WORK INSTRUCTIONS:
Filter the data for "Hermes" and copy matching lines.

INPUT:
>>>
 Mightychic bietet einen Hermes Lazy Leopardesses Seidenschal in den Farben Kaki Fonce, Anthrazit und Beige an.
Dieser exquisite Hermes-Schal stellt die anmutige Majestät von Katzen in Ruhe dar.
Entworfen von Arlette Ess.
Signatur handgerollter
<<<
>>>
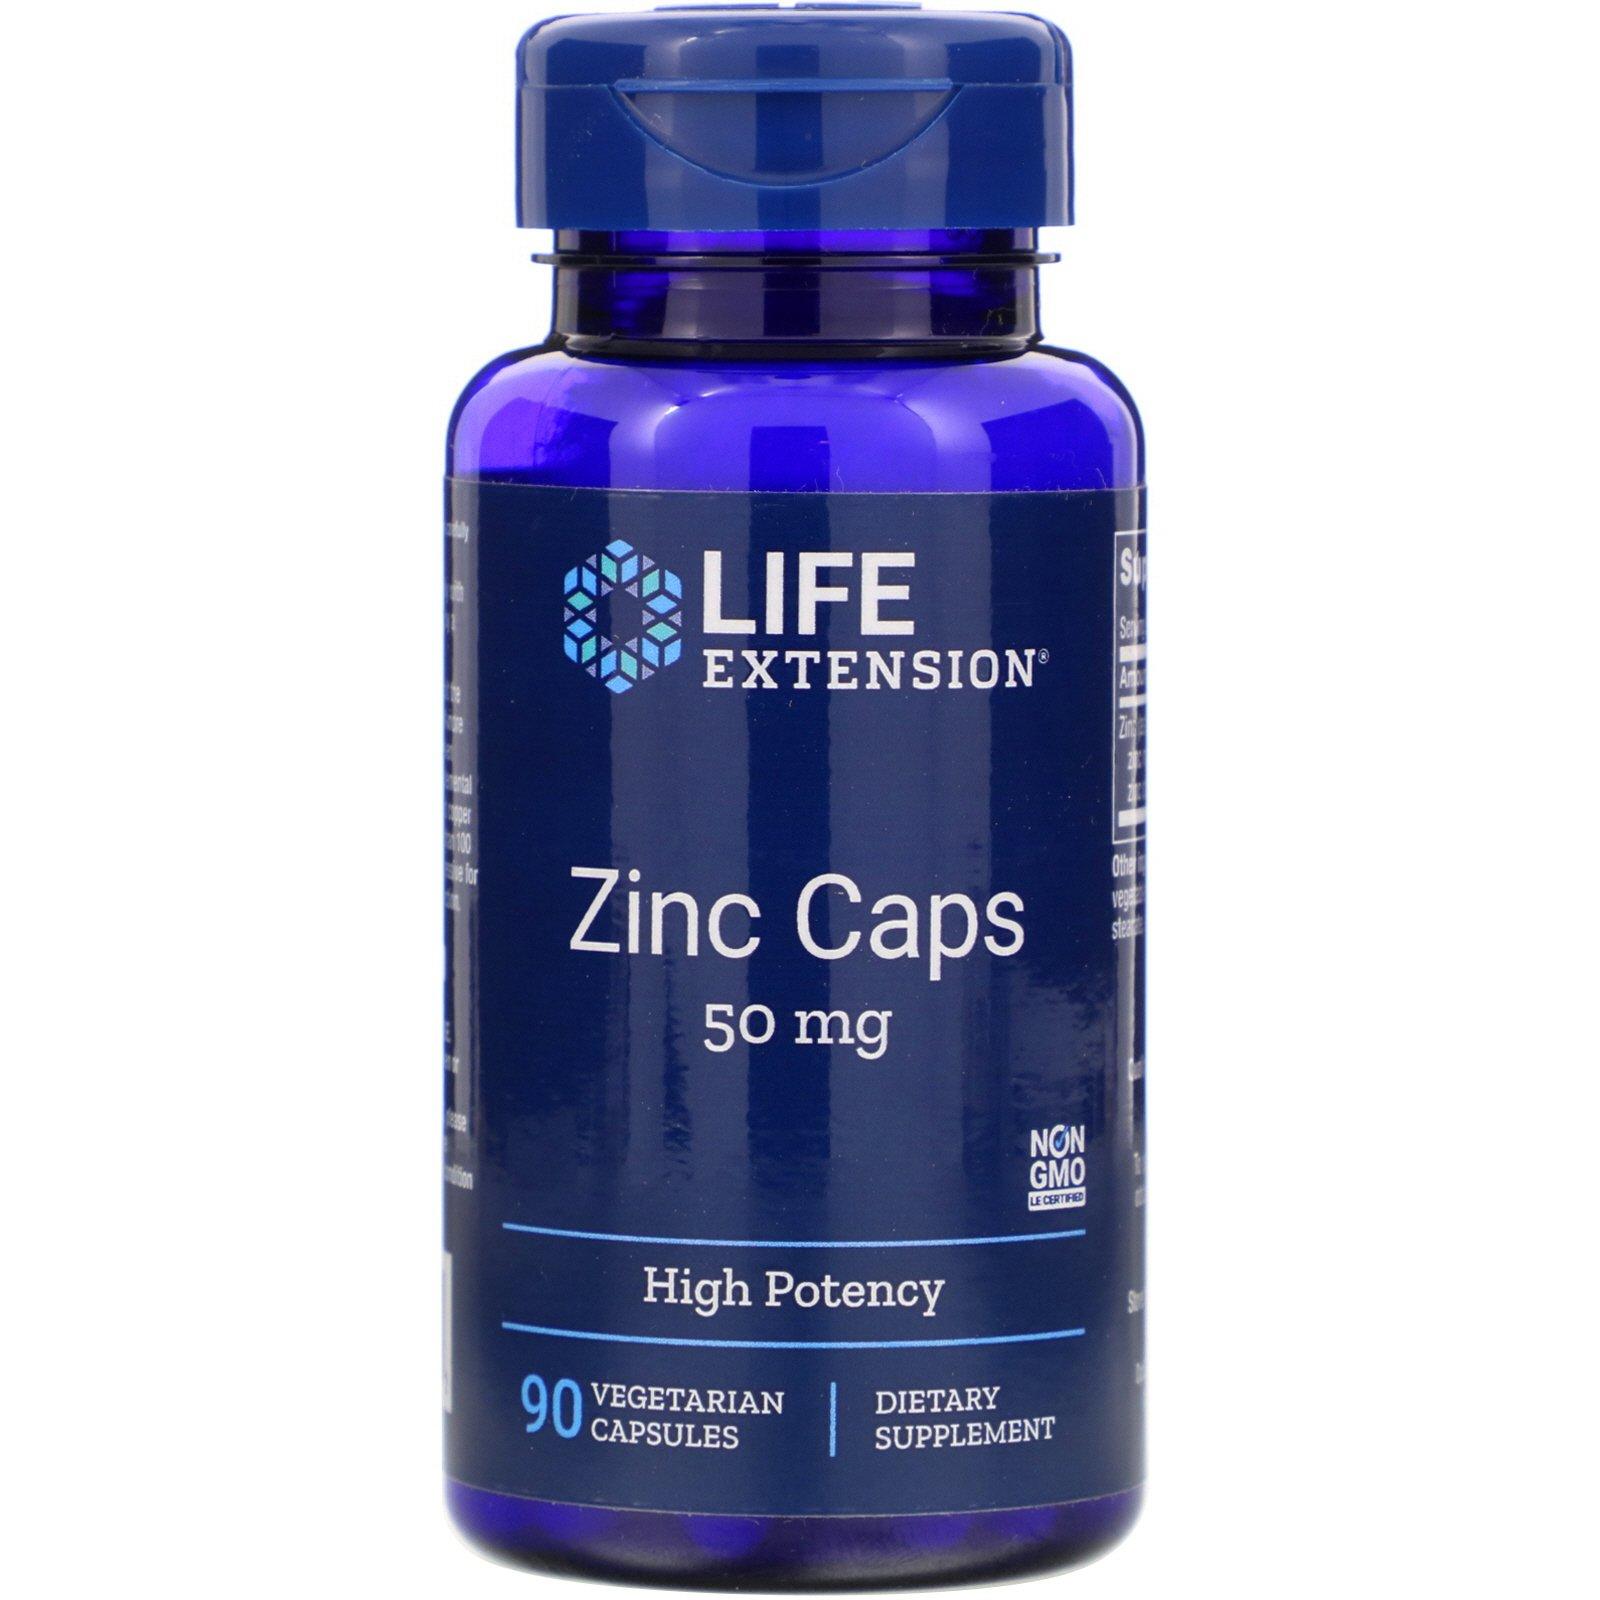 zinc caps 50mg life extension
<<<
SOLUTION FOR THIS TASK:
 Mightychic bietet einen Hermes Lazy Leopardesses Seidenschal in den Farben Kaki Fonce, Anthrazit und Beige an.
Dieser exquisite Hermes-Schal stellt die anmutige Majestät von Katzen in Ruhe dar.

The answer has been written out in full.